Soccer fans will be pleased to know that soccer is alive and well in Honduras. While the best Honduran players move on to Europe, a very competitive league of 10 teams exists. Your hotel front desk can direct you to the stadium. Watching the fans roar is as much fun as the game itself. The La Ceiba area is the easiest to navigate if attending a game. You can also catch a professional game in Tegucigalpa or San Pedro Sula (multiple stadiums). An amateur game is always going on – just keep your eyes open around schools and open areas.

Find a building with an accessible roof or any high place surrounding the city and take in a sunset dipping below the horizon of the hills. Breathtaking. Visit the Don Melo cigar outlet next to the Hotel Elvir for hand-rolled cigars at less than 1/3 the retail cost in North America. (You can bring 100 cigars back into the U.S.) You can watch cigars being rolled by hand out at the factory near the bus stop. Contact Max Elvir of Lenca Land Trails (504) 662-1375 for 1-day to multiple-day tours of the Western Highlands. Five blocks east of the square is Pizza Pizza, a restaurant owned by Warren Post. Warren is an ex-pat who has done a great deal to promote tourism in the Western highlands and serves as an invaluable source of information about the area. Oh yes, have some pizza at his place while you are there. Holy Week procession is a phenomenal time in Santa Rosa. If you opt for wonderful event, advance reservations are really needed. Get them early.

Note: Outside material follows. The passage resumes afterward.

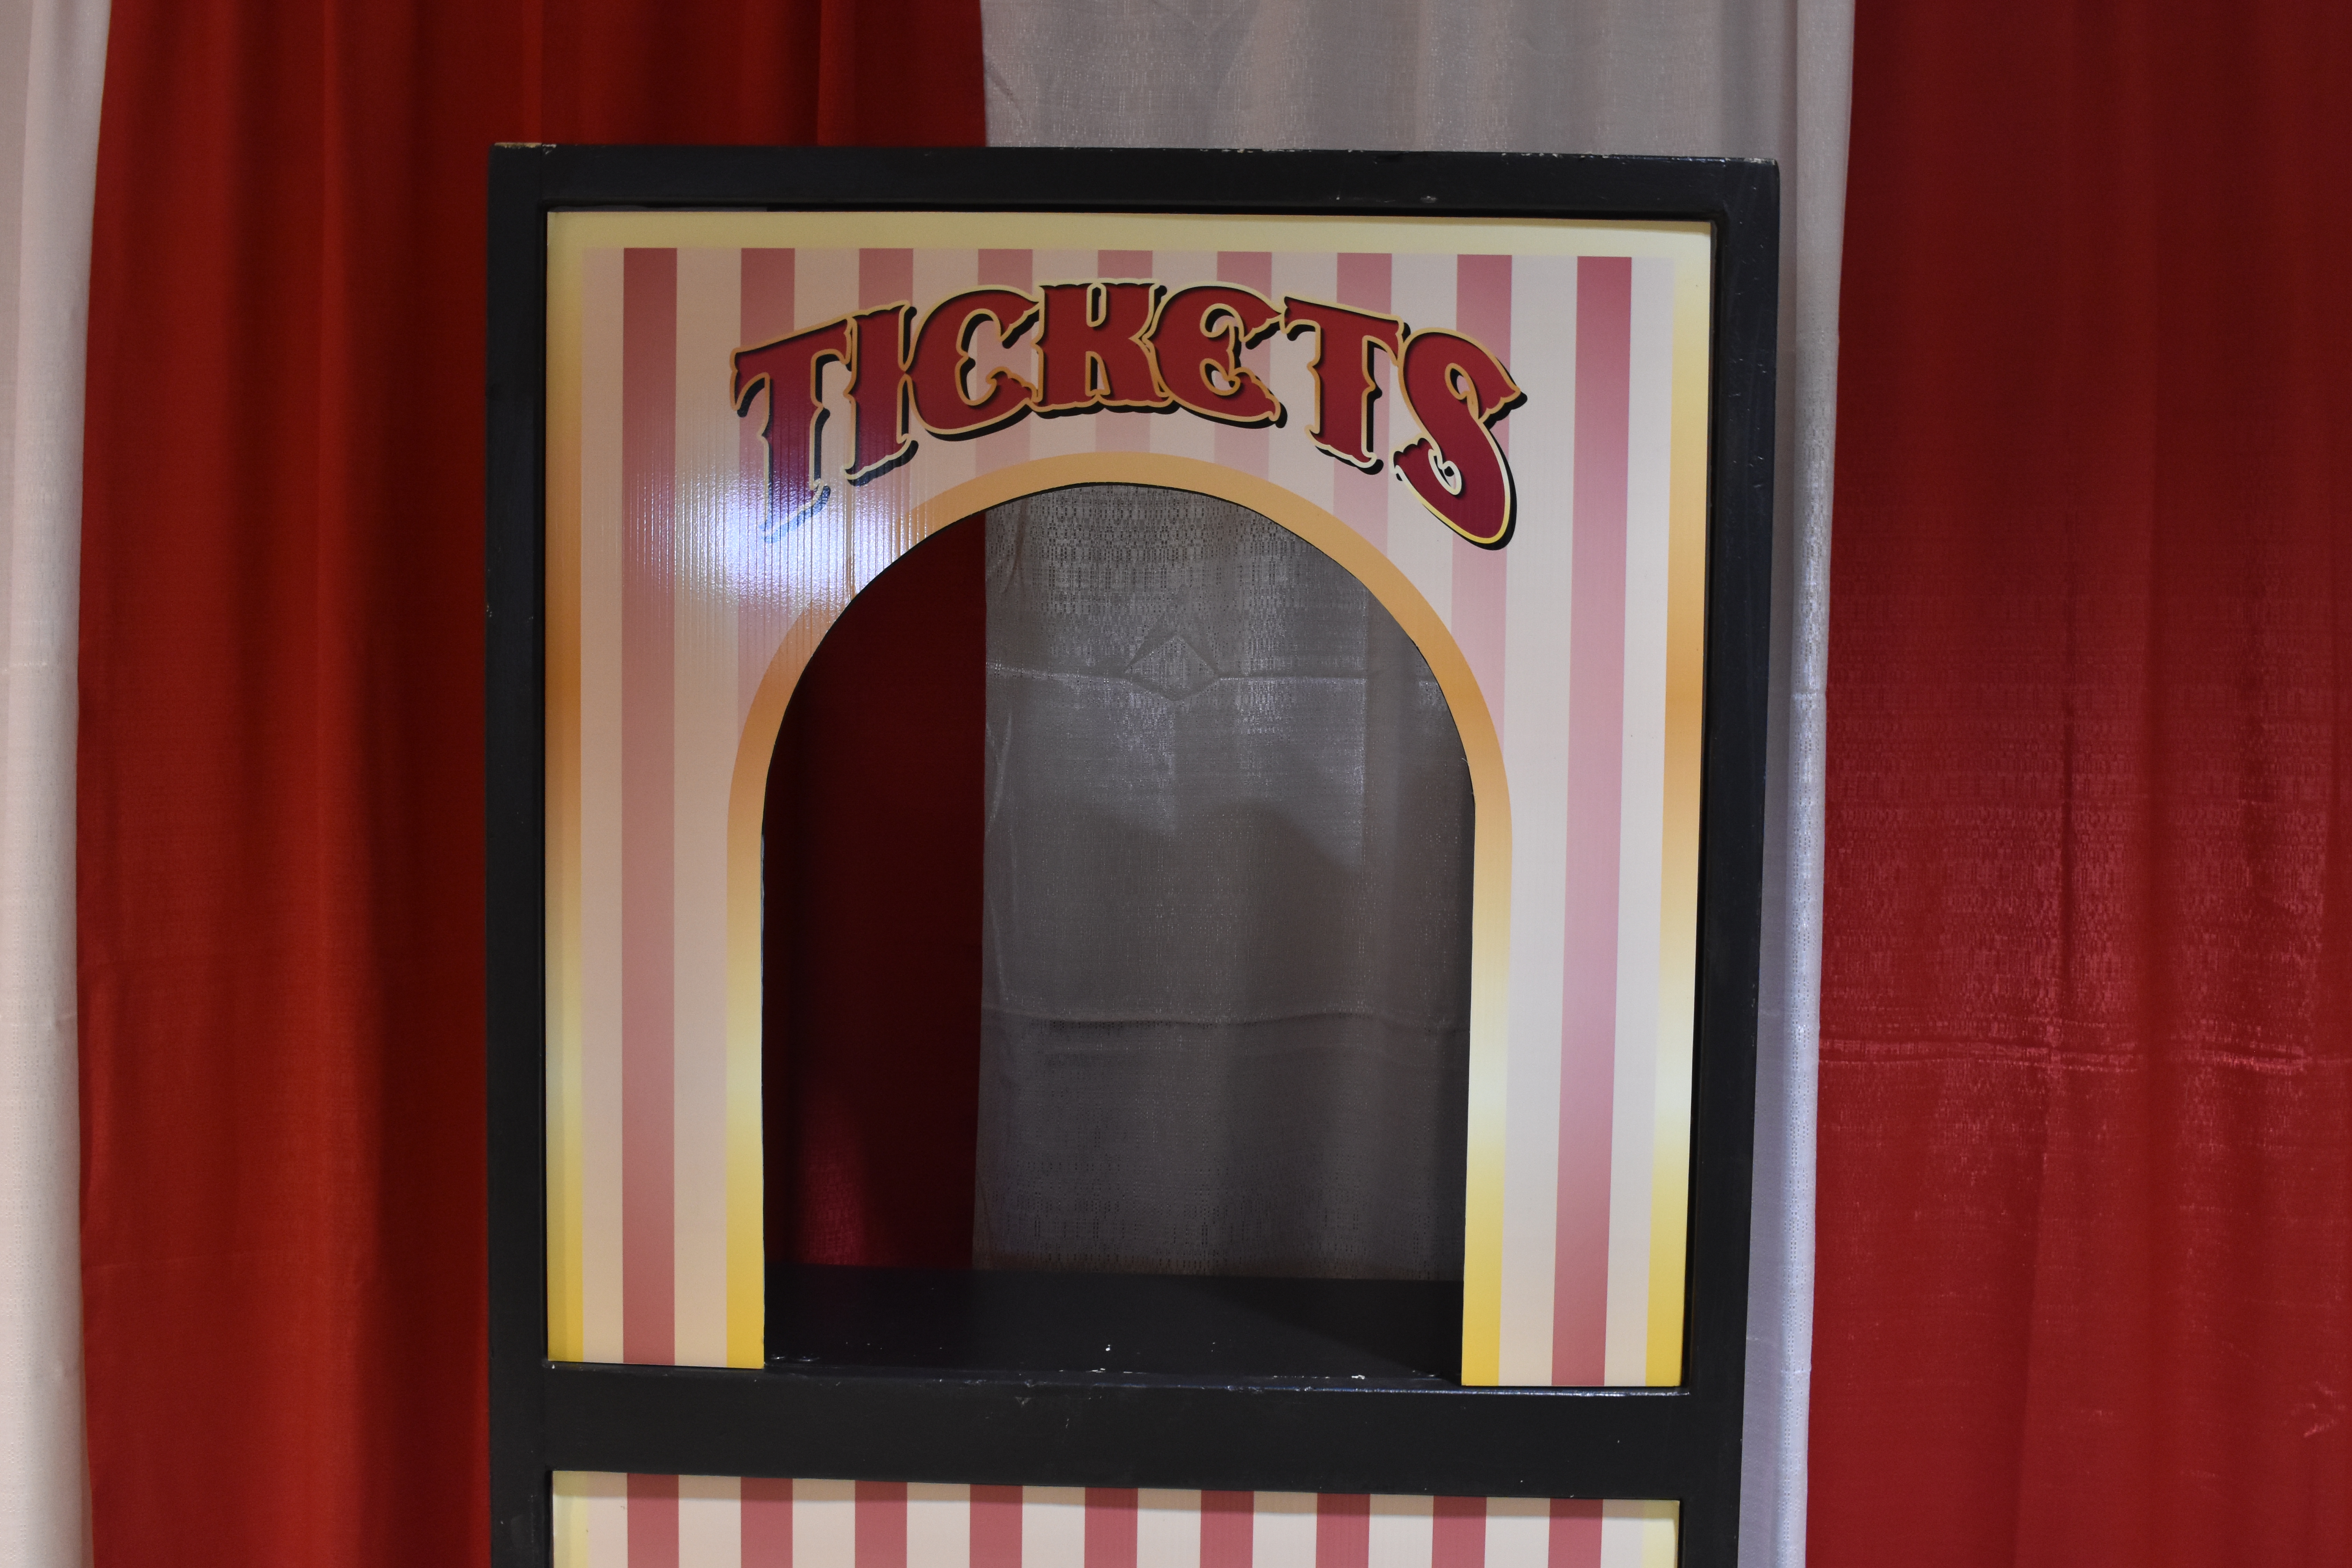 carnival ticket booth

This leg of the trip is marvelous just for the miles and miles of bananas, cacao, sugar cane, pineapples, citrus and African palms. The Nombre de Dios mountain range juts up to the east and south of you as you travel through the lush tropical region. Keep an eye out for the llama del bosque (flame of the forest), a tall tree crowned with gorgeous red flowers.

Even before leaving Miami, spend some time in the concourse where the Latin American/Caribbean airlines originate. Take in the variety and beauty of the diversity of peoples. Before your eyes is a human rainbow. The bright, vibrant color schemes of the airlines are a welcome change from the dull pastels of North American airlines.

Whoops. That makes 11 things that are ‘must-see.’ Couldn’t narrow it to just 10.